-- Supplied data --
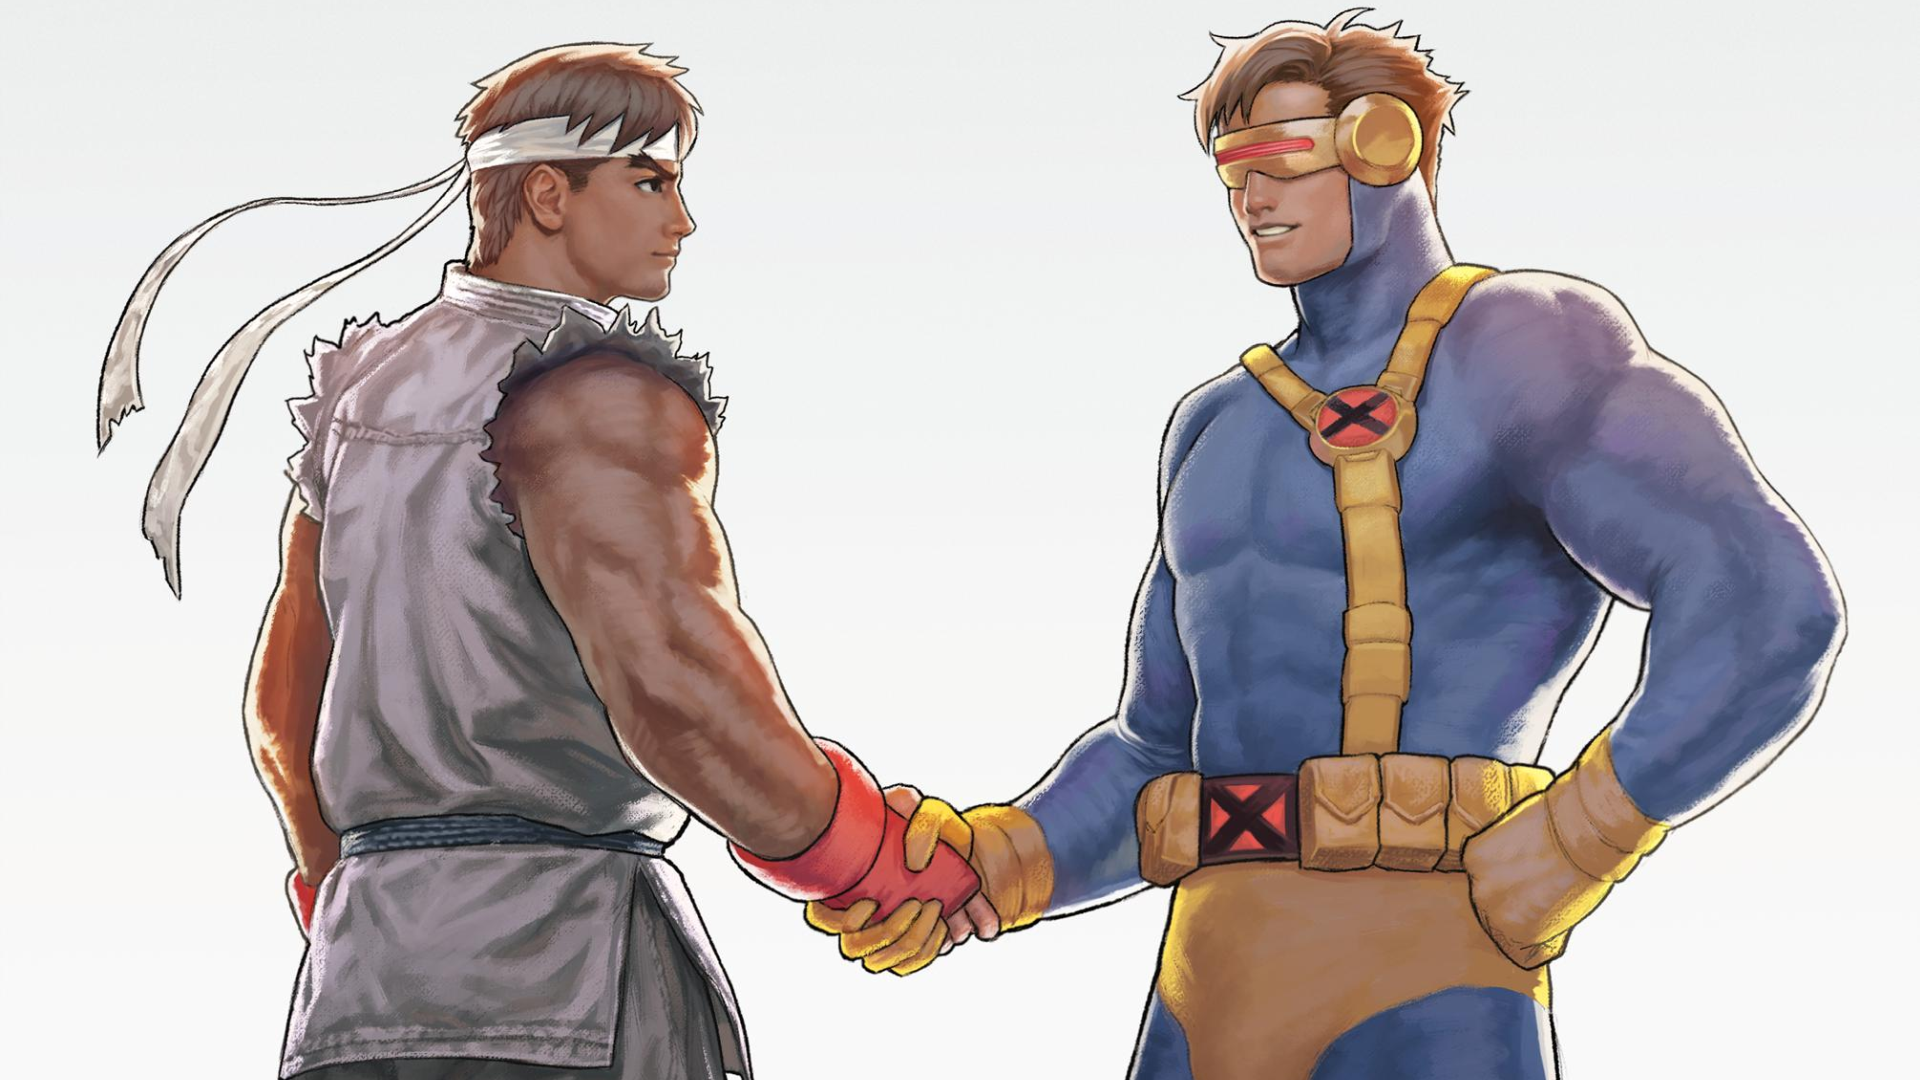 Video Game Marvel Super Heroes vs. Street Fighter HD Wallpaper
...
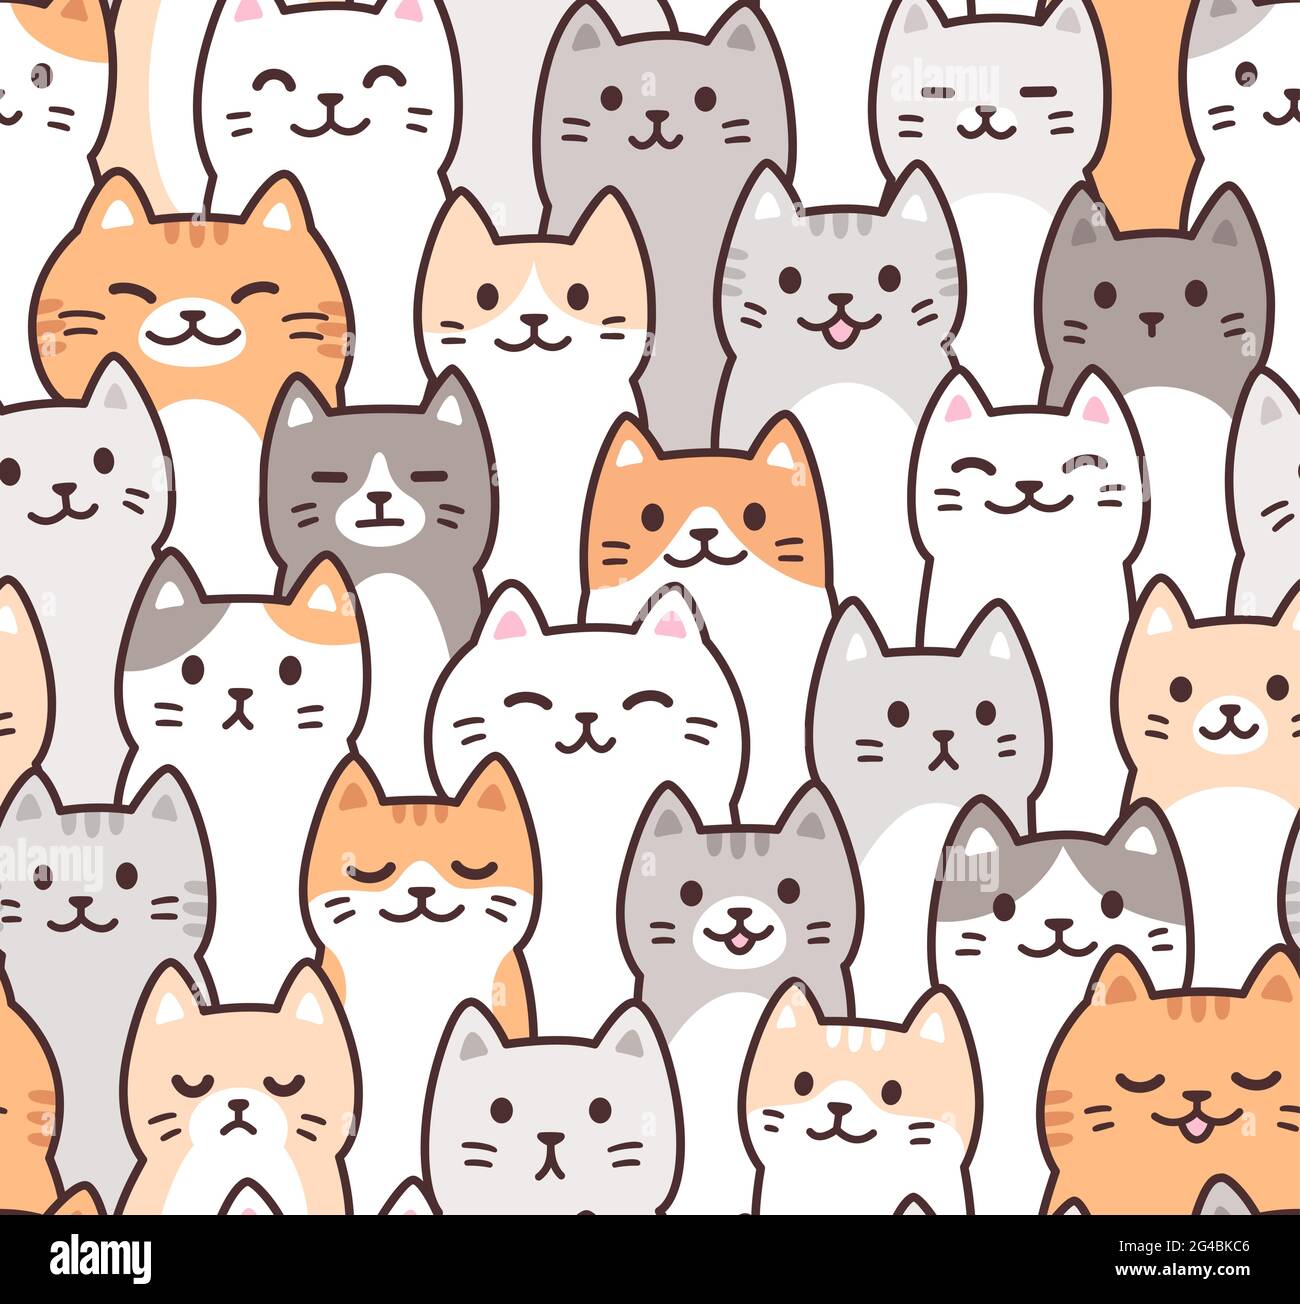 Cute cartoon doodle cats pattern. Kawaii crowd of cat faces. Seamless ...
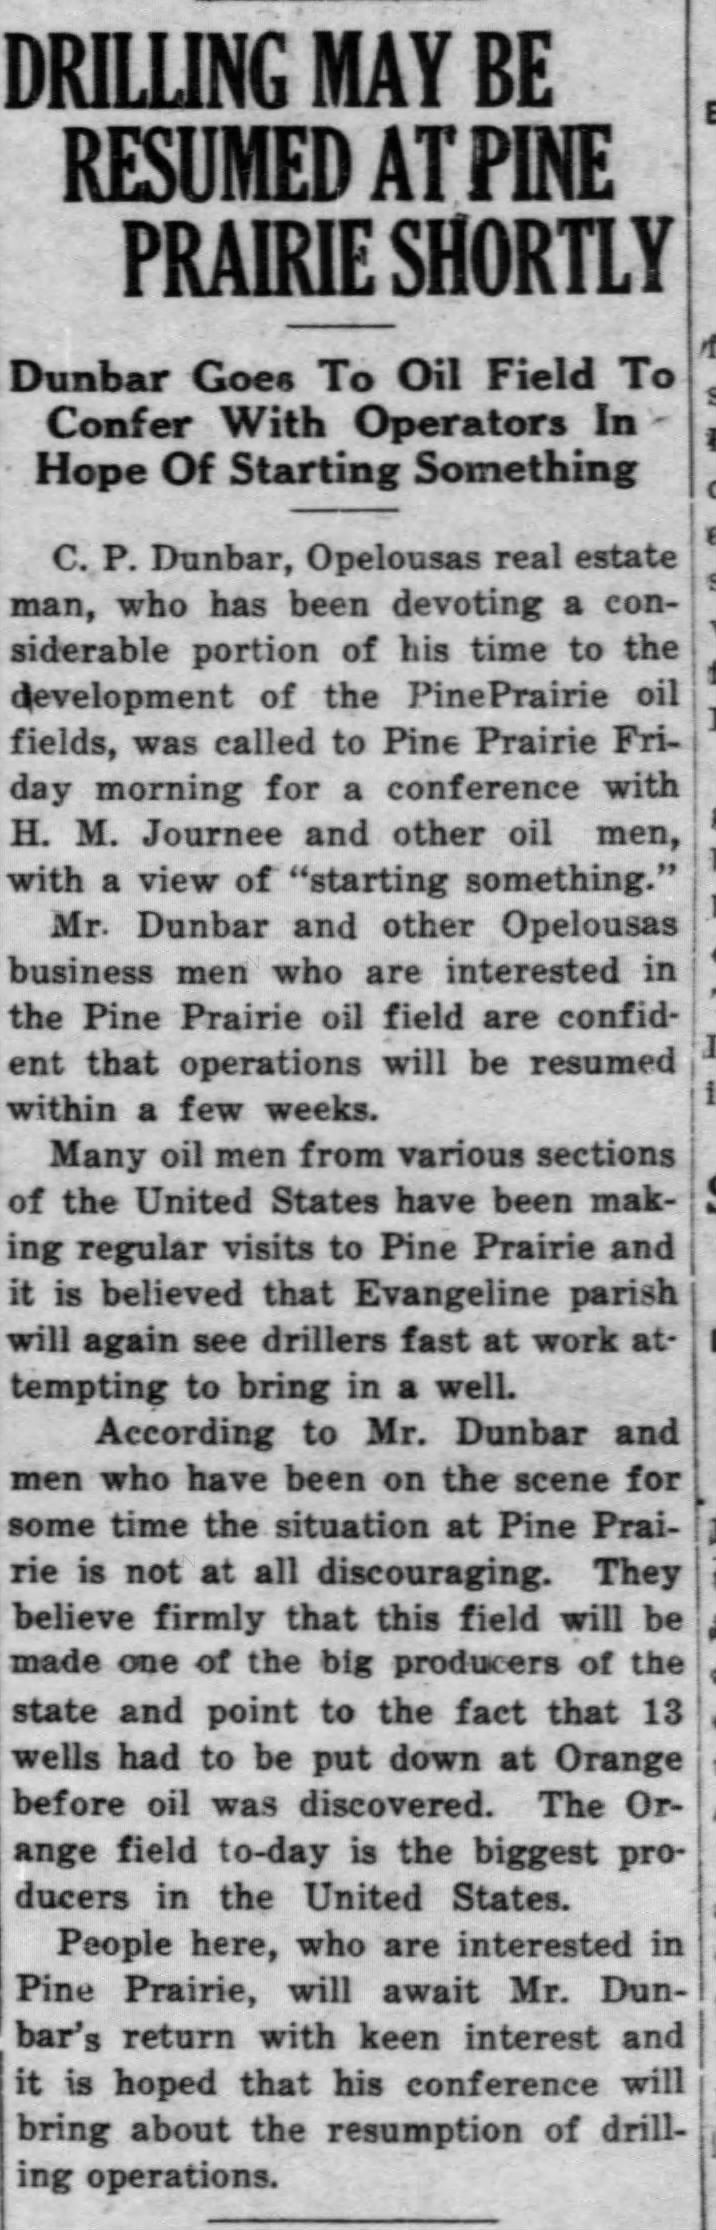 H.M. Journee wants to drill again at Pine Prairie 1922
--
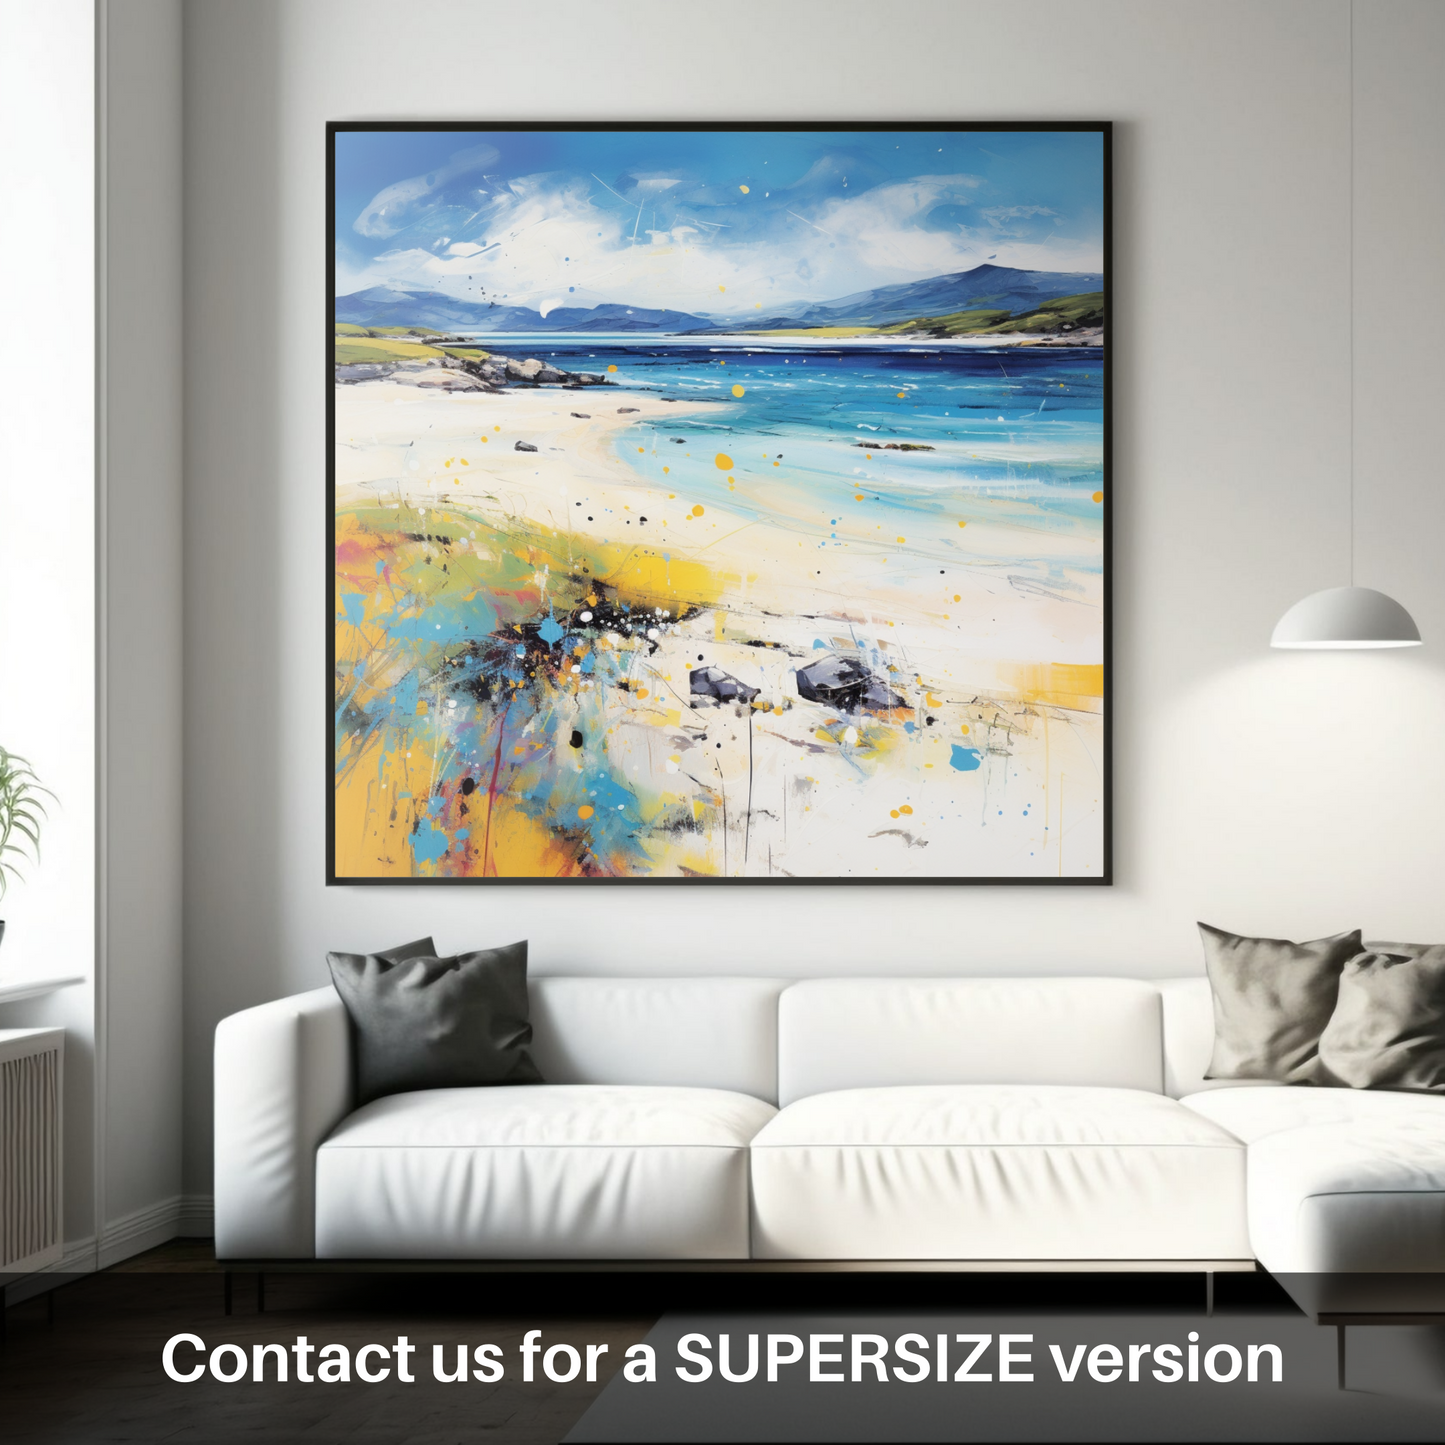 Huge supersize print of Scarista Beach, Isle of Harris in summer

-- What is required --
Once the line with "Cute cartoon doodle" is found above, transcribe each line from it through the line with "H.M. Journee wants", exactly, and omit the pictures.

-- Answer to this task --
 Cute cartoon doodle cats pattern. Kawaii crowd of cat faces. Seamless ...
 H.M. Journee wants to drill again at Pine Prairie 1922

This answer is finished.